Мы часто не замечаем очевидное. Художественная галерея была тем местом, где изображение половых органов оставалось частью мира искусства и красоты (хотя обнаженная натура всегда вызывала смешки школьников). Идея «божественности тела человека» превратилась в клише искусства того времени, и в данном контексте, в отличие от доктрины моравских братьев, эта идея не была связана с Сыном Божьим. Искусство являлось стимулятором сексуальной чувствительности, подобный эротический опыт можно было также получить в борделях или любовных интригах. Именно Искусство служило установкой и обстановкой для интриг аристократии и любовных приключений романтиков – когда сексуальной Природы казалось не достаточно. Но возможен ли классический пейзаж без статуй, мифических фигур или руин храмов? Конечно, в скором времени идеи бескомпромиссных «новых романтиков» о храме сексуальности природы и о человеке, о фаллосе, как предмете поклонения, и о вселенной, вытеснят с картин художников старинную садовую мебель.
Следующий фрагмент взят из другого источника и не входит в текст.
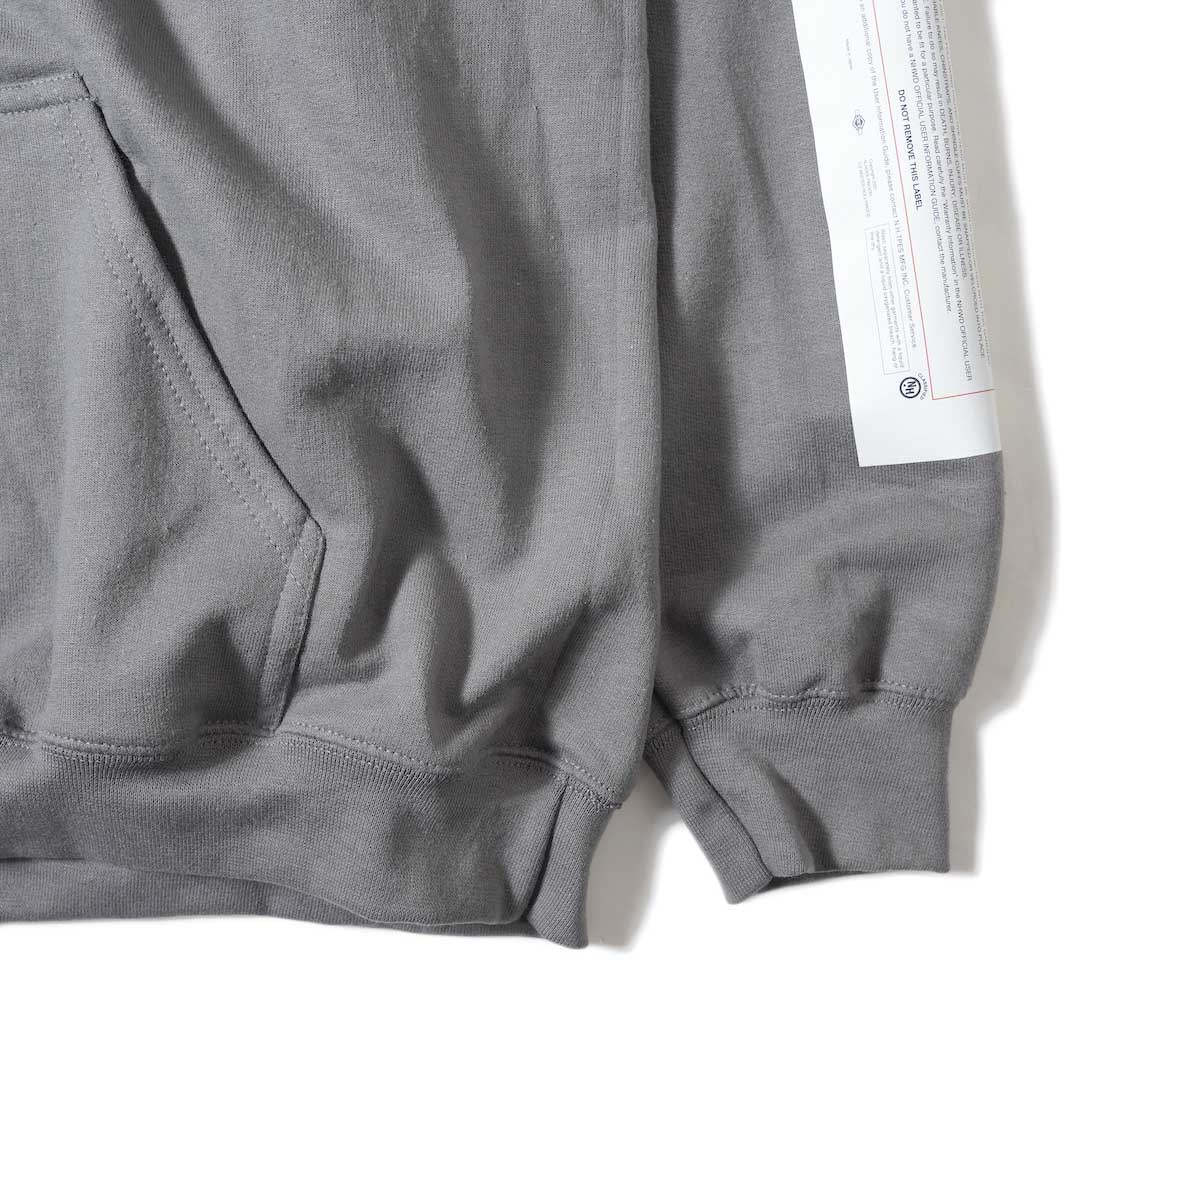 N.HOOLYWOOD / 9212-CS82 Hooded Parka (Charcoal)袖、裾

Плавный переход от искусства к качественной порнографии наиболее явно заметен в работах французского арт-дилера Пьера-Франсуа Хьюг, самовольно добавившего к своему имени титул «Барон д’Анкарвиль» (1719-1805), в частности, в его знаменитом произведении «Monumens de la vie privée des XII Césars d’après une suite de pierres et médailles, gravèes sous leur règne[3]» («Капри у Сабель», Рим, 1785). Книга «Памятники из частной жизни 12 королей» фактически породила новый жанр «исключительной» литературы, которая выполняла функцию физиологического раздражителя. Д’Анкарвиль остро чувствовал спрос. В 1780 году он представил британского дипломата при Неаполитанском дворе, сэра Уильяма Гамильтона, чете Порчинари, у которых Гамильтон приобрел значительную коллекцию антиков, интересовавшую Королевскую академию. Гамильтон и Хьюг решили извлечь выгоду из приобретения и выпустили одно из наиболее разительных художественных изданий своего времени: «Коллекция этрусских, греческих и римских древностей из собрания Уильяма Гамильтона» («Antiquités étrusques, grecques et romaines tirées du cabinet de M. Hamilton», в четырех томах, Неаполь, 1766-7).
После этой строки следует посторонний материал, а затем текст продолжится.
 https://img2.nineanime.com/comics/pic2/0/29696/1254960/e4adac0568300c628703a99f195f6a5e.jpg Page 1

Однако издание книги д’Анкарвиля «Recherches sur l’origine, l’esprit et les progrès des arts de la Greece; sur leur connections avec les arts et la réligion des plus anciens peuples connus[4]» (в трех томах, Лондон, 1785) не окупилось. Откровенные иллюстрации книги, изображающие гениталии и половые сношения, вызвали такой скандал, что арт-дилер был вынужден бежать из Англии во Францию. Несмотря на этот провал, первая публикация д’Анкарвиля и Гамильтона имела большое значение. На гончарном заводе в городке Этрурия, графство Стаффордшир Джозайа Уэджвуд начал копировать изображения декоративных ваз, его керамика пользовалась огромным спросом. Тем временем греческие и этрусские орнаментальные мотивы оказали влияние на творчество Джона Флаксмана (1755-1826), с которым Блейк уже был в приятельских отношениях. С 1775 года Флаксман, сотрудничая с Уэджвудом, создал фризы для декорирования яшмового и базальтового фаянса. В скором времени он предложил и Блейку поработать с керамикой Уэджвуда.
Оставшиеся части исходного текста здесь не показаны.